Functional analysis of candidate genes

   We selected three traits related to cassava yield (RN, RW, and RLW) for
   QTL localization analysis based on a high-precision cassava genetic
   map. There is a high positive correlation between these traits; RN、RW
   and RLW can effectively evaluate crop yield and tuber shape, which is
   also an important factor to affect yield. We also report
   Manes.09G001500 to be associated with RN and RW traits; this gene
   belongs to the DHHC type zinc finger family protein which affects plant
   growth and development.

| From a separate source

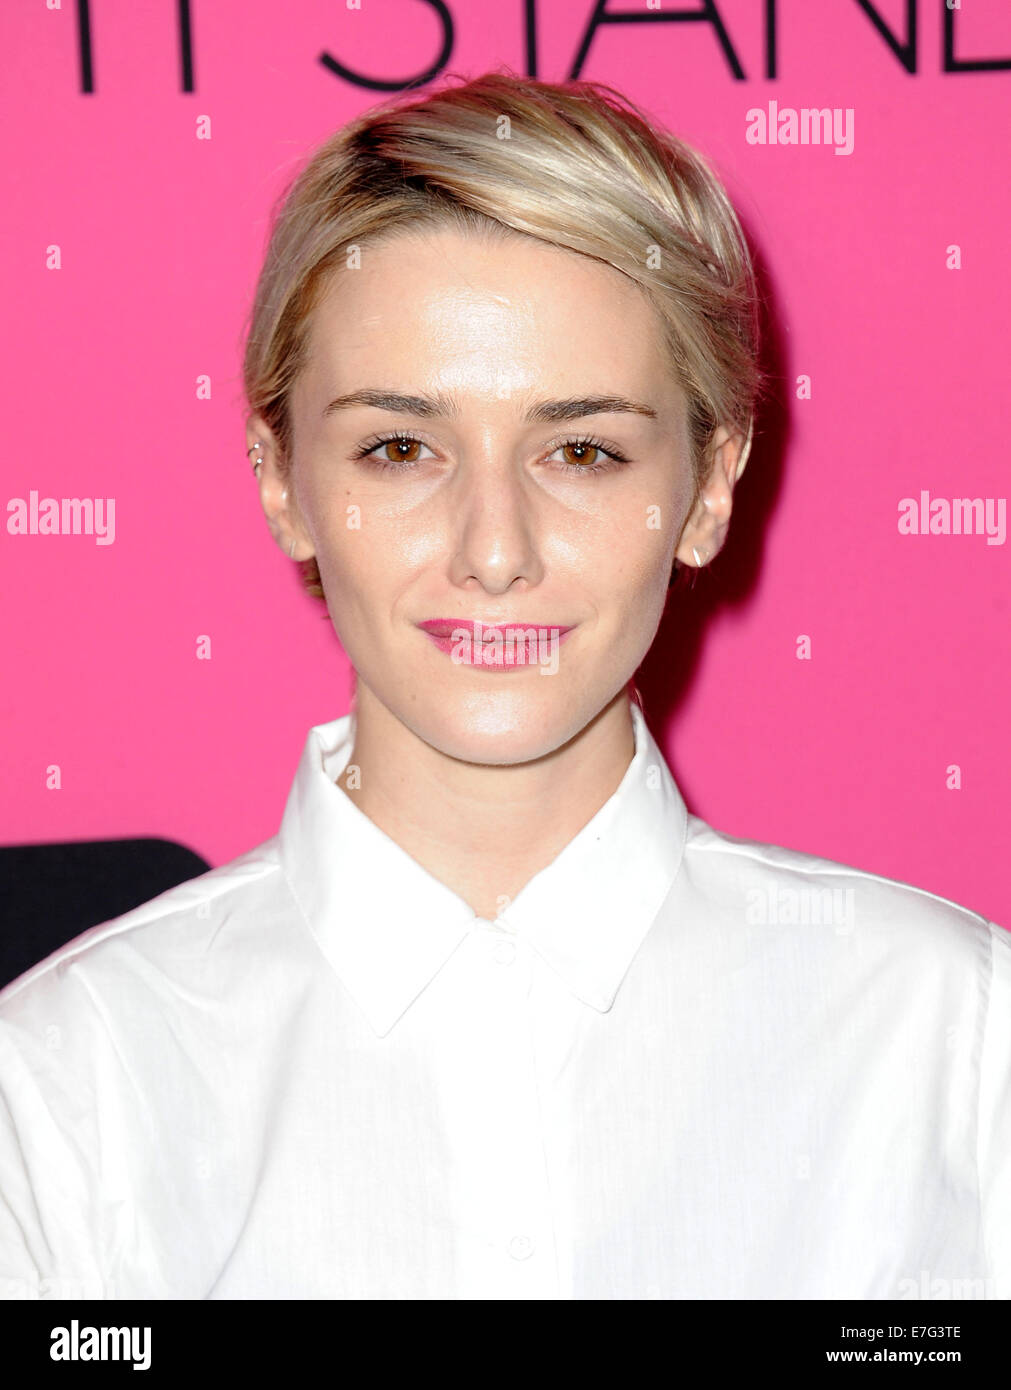 Los Angeles, California, USA. 16th Sep, 2014. Addison Timlin attending the Los Angeles Premiere of ''Two Night Stand'' held at the TCL Chinese 6 Theatre in Hollywood, California on September 16, 2014. 2014 Credit:  D. Long/Globe Photos/ZUMA Wire/Alamy Live News Stock Photo
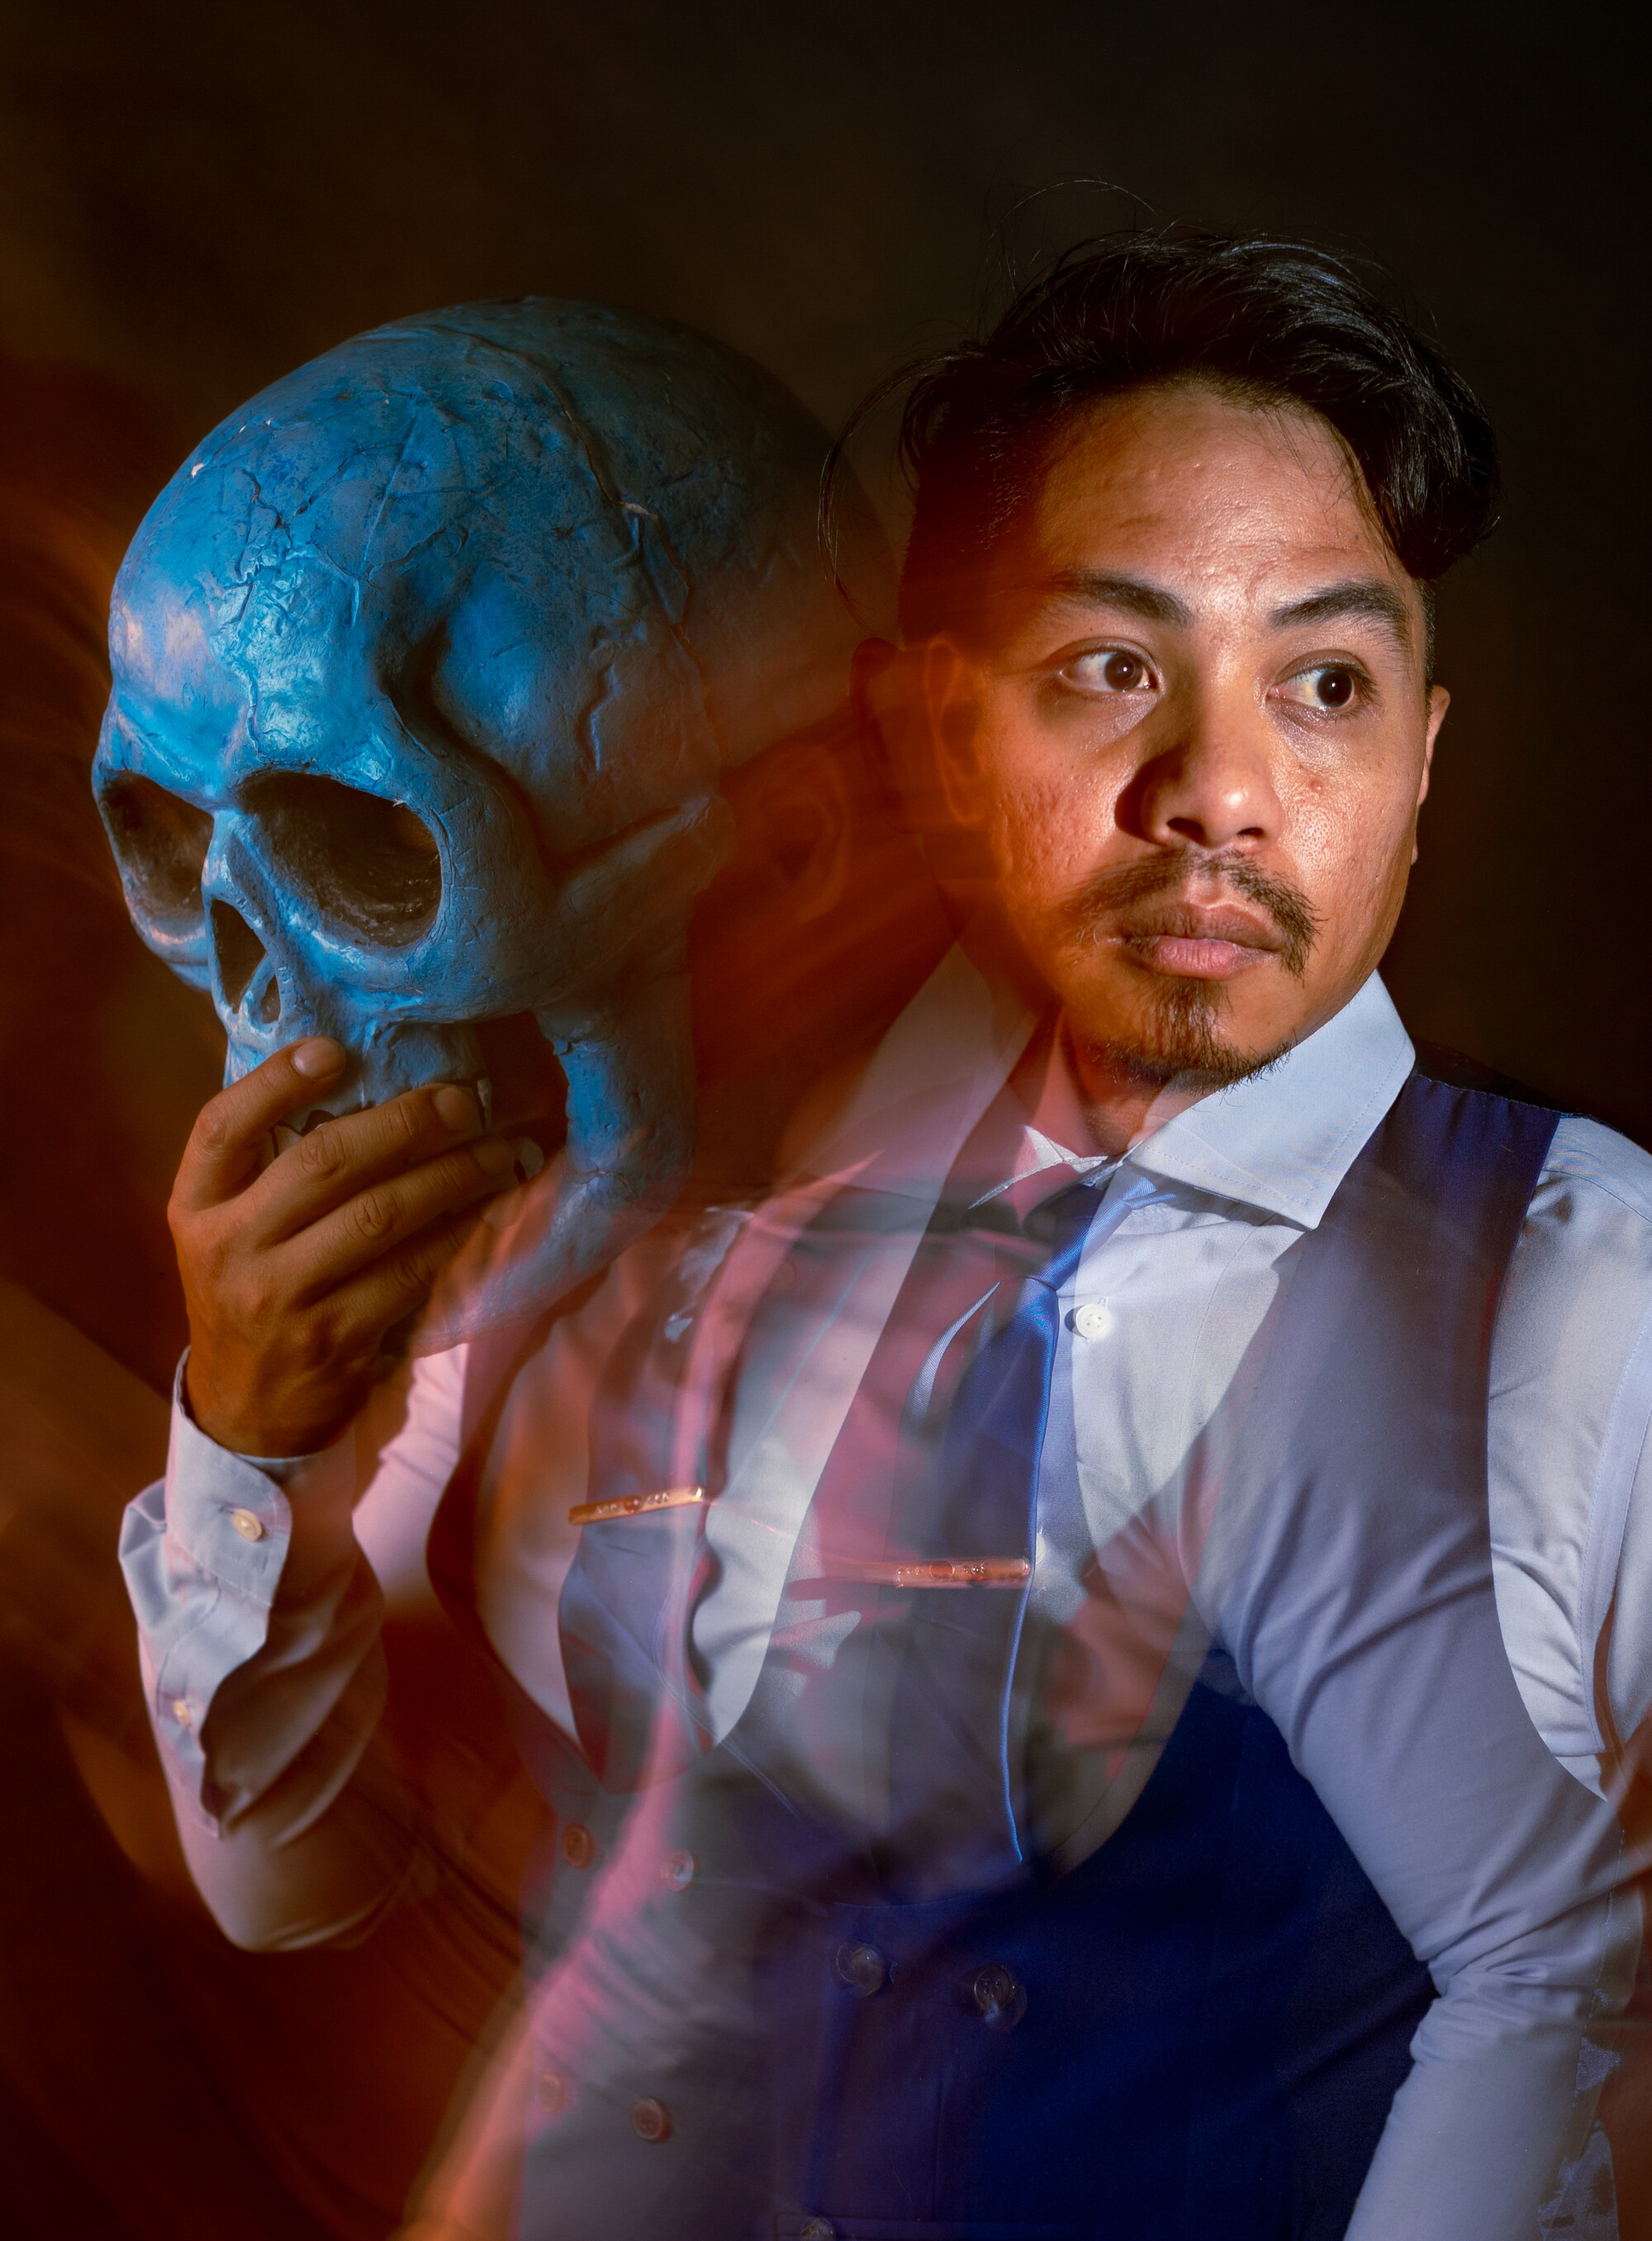 A long exposure image of a man holding a skull mask.

OsDHHC01 increases the number of tillers and
   grain yield in rice and oilseed rape (Brassica napus) [[115]44,
   [116]45], and OsDHHC13 positively regulates the oxidative stress
   response [[117]44]. DHHC type zinc finger protein (DHHC) and S-acylated
   protein mainly serve as substrates for S-acyltransferase. S-acylation,
   also known as palmitoylation, is an important protein lipid
   modification that plays an important role in plant growth, development,
   and stress response [[118]46]. OsDHHC30 participates in regulation of
   salt tolerance in rice through S-acylation modification of OsCBL2/3
   [[119]47]. We speculate that this gene may affect cassava growth and
   development by regulating its stress resistance, thereby affecting the
   weight and quantity of root tubers. Further research is needed to
   identify how this gene affects root tuber traits.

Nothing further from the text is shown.